- Promotional poster
- Directed by: William Heins
- Written by: Cheryl Guerriero; Anna Obropta;
- Produced by: Jack Utsick; Juan-Carlos Zapata;
- Starring: Paris Hilton; Paula Garcés; Sarah Carter; Simon Rex; Holly Valance; Elizabeth Daily; Kerri Kenney Silver; Alexis Thorpe;
- Cinematography: Fortunato Procopio
- Edited by: Michael Matzdorff
- Music by: Carlos Durango; Ralph Rieckermann;
- Production company: Paris Hilton Entertainment
- Distributed by: Pop Films LLC
- Release date: December 19, 2006;
- Running time: 91 minutes
- Country: United States
- Language: English
- Budget: $8.3 million
- Box office: $1,751,490

= National Lampoon's Pledge This! =

National Lampoon's Pledge This! is a 2006 American comedy film starring Paris Hilton, who also served as an executive producer.
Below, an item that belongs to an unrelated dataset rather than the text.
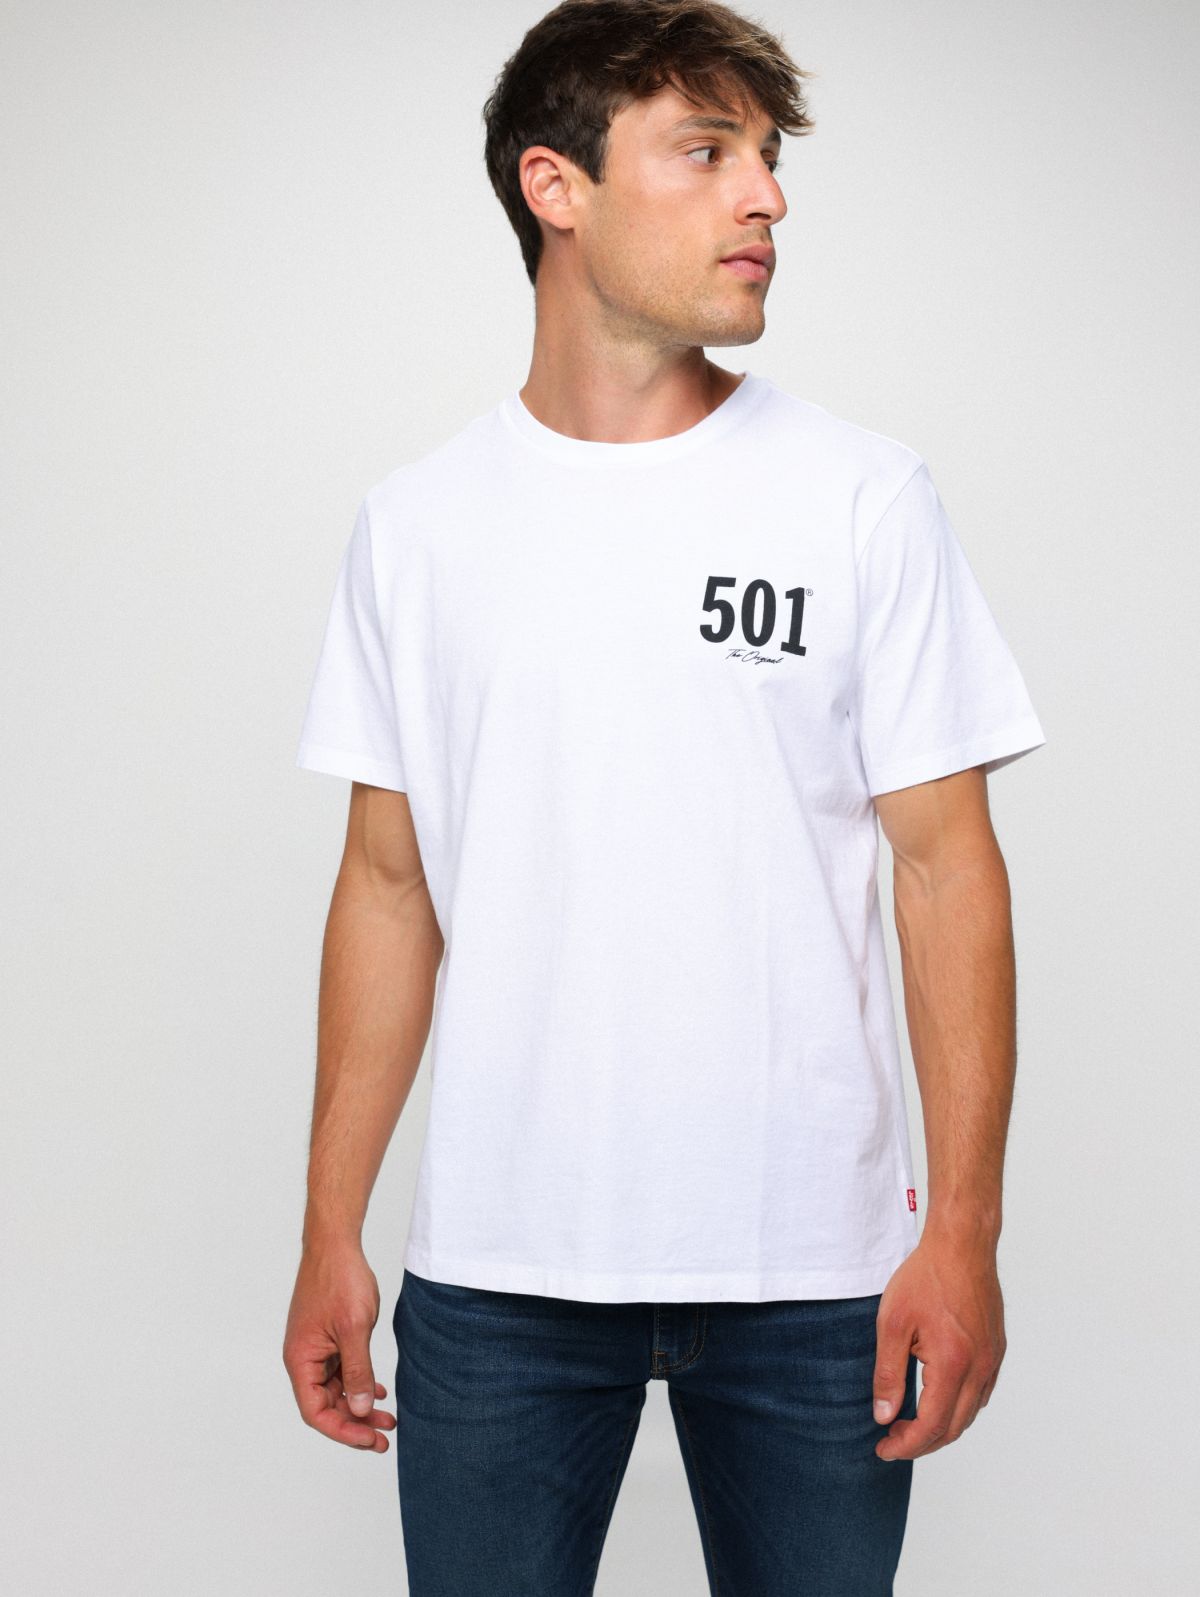  חולצת טי שירט עם הדפס 501 של LEVIS

The film was released straight to video.

==Plot==
When a dorm toilet explodes on the first day back to school, a group of misfit girls are forced to leave their housing and search for a new home. They ultimately decide on pledging a sorority. However, not many sororities are normal at South Beach University. The girls decide to pledge the most popular and exclusive sorority at the university, Gamma Gamma, which is led by president Victoria English.

While pledging the sorority, Victoria sends the girls to do a task: collect used condoms. While searching the park, the leader of the group, Gloria, bumps into Victoria's boyfriend Derek, and they become close. The only reason Victoria plans to let the freshmen pledge is to display diversity, which is a requirement for the "FHM Hottest Sorority in the Country" contest. From then on, Victoria declares war on the girls during "Hell Week" but ultimately lets them join, only to kick them out once they have won the contest. This angers the leader of the misfit freshmen, Gloria. Gloria decides to quit the sorority as do her friends. Derek and Gloria realize their feelings towards each other and seal it with a kiss.
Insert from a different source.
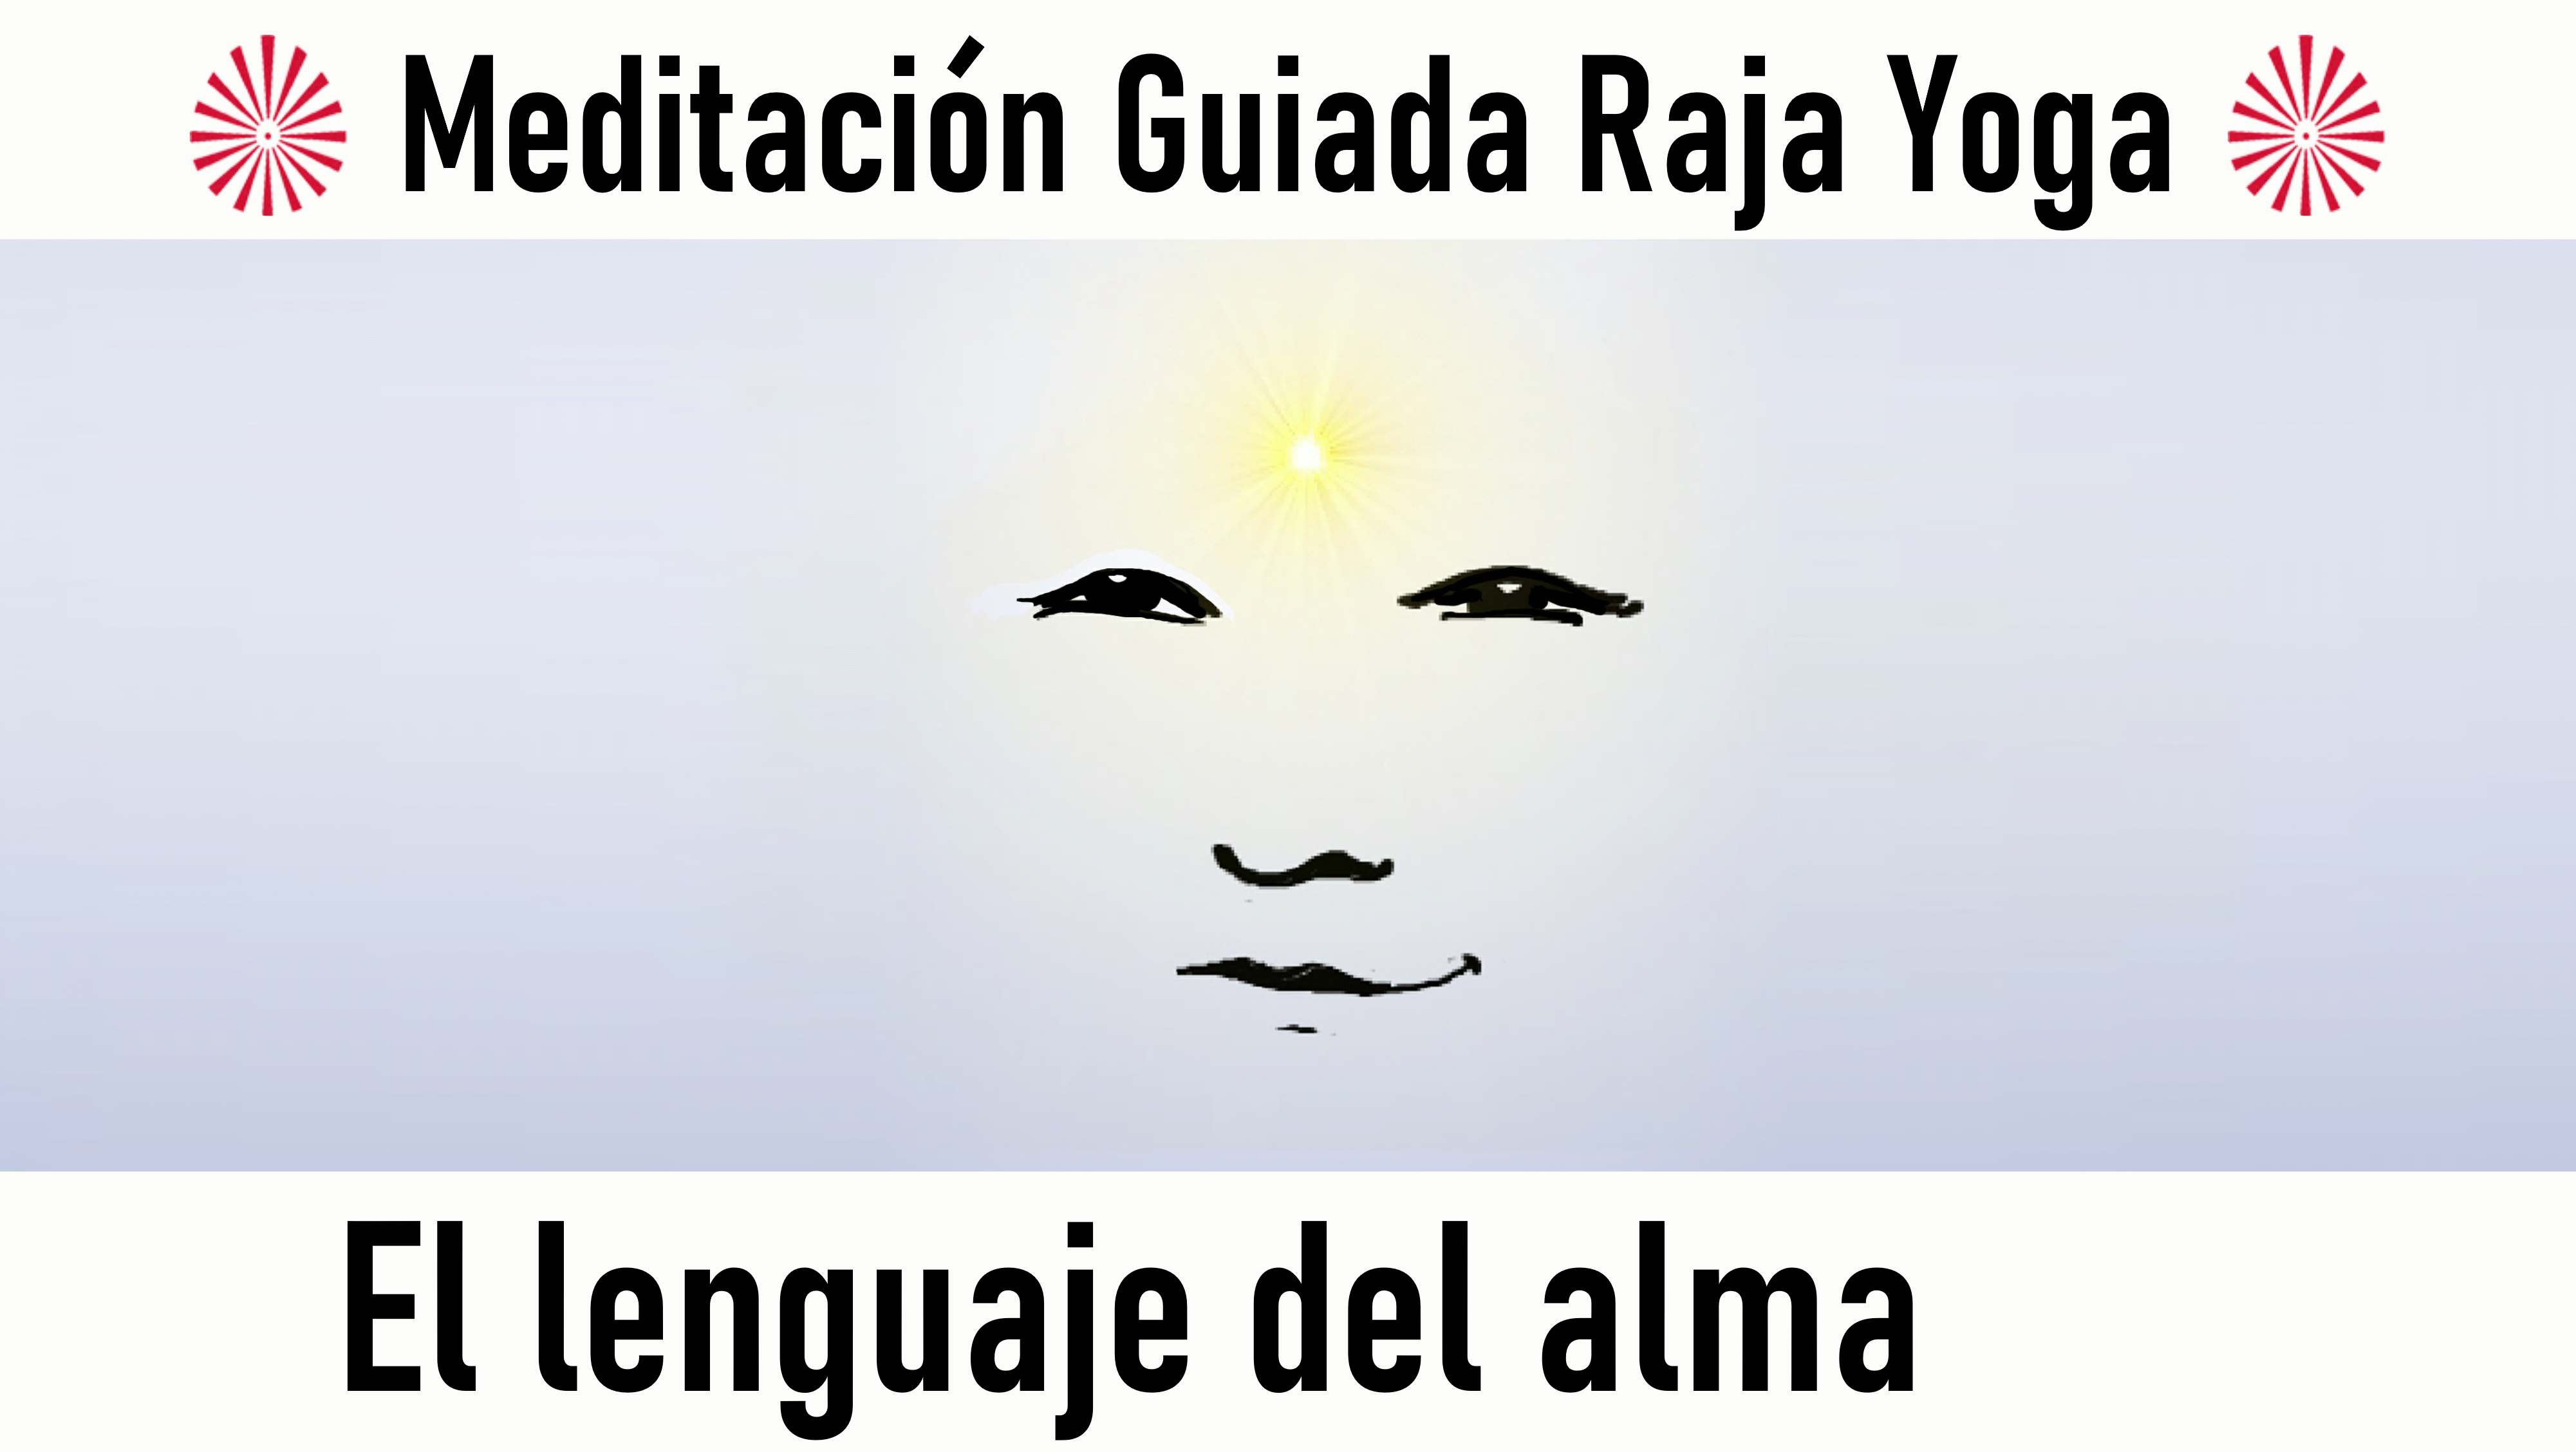 Meditación Raja Yoga: El lenguaje del alma (27 Agosto 2020) On-line desde Barcelona

Gloria's ex-best friend, Kristen, convinces Gloria to come back. Gloria and her friends come back but only to declare war on Victoria by sneaking into the Gamma Gamma house and stealing embarrassing photos and video footage of her to show to everyone at the Gamma Gamma victory party. The video also showed her badmouthing her sorority sisters, and her past dorky self. She also reveals to Victoria that she and Derek love each other. Victoria becomes embarrassed and eventually realizes how reinventing herself made her into a bad person, so she makes a public apology to the freshmen. The movie ends with a giant food fight at the Gamma Gamma party, and Victoria saying that she loved her cover of FHM so much she bought the magazine. Gloria becomes the president of Gamma Gamma the following year.

==Production==
Principal photography began in early 2004 in Miami, Florida, before Hilton started filming her theatrical debut House of Wax. Filming finished later that same year and a trailer was released on the film's official website. However, producers wanted Pledge This! to have an R-rating, which would allow more nudity in the film. Hilton disagreed with the proposal. More scenes with nudity were shot, thus pushing the film back to mid-2005.

Post production was finalized at World Entertainment - LA in Los Angeles by Edward Oleschak.

Due to the hurricanes that hit Florida in 2005, filming was delayed and then ultimately moved. This pushed the movie back to early 2006. Fans were confused that the trailer had proclaimed this film as "Paris Hilton's film debut" when she had previously appeared in 2005's House of Wax. Finally in spring of 2006, it was announced that National Lampoon's Pledge This! would be released as an unrated DVD on December 19, 2006. It was also released on a rated R edition. Hilton did not attend the film's premiere in protest of the addition of aforementioned nude scenes, saying, "I was so angry I snubbed my own premiere." In August 2008, Worldwide Entertainment Group Inc. sued Hilton in the Miami District Court, alleging she did not honor her contractual agreement to provide "reasonable promotion and publicity" for the film.

==Critical reception==
Pledge This! has a 0% approval rating on review aggregator Rotten Tomatoes based on 6 critical reviews. Heather Boerner of Common Sense Media rated it 1 star out of 5, writing that "this film treats everyone in it in a derogatory fashion." Felix Gonzales Jr. of DVDReview.com called the film "another steaming pile of excrement to be cut loose from the bowels of National Lampoon," and stated that it is "the latest example of everything that is wrong with contemporary comedy, the youth film, Hollywood commercialism, the power of celebrity, and the direct-to-DVD market." Brian Orndorf of DVD Talk called Pledge This! "a simple serving of dumb comedy, hitting up all the highlights of the American Pie brand name and other gross-out comedies (Van Wilder is also a strong influence) to construct something loose and breezy to hand some nudity on."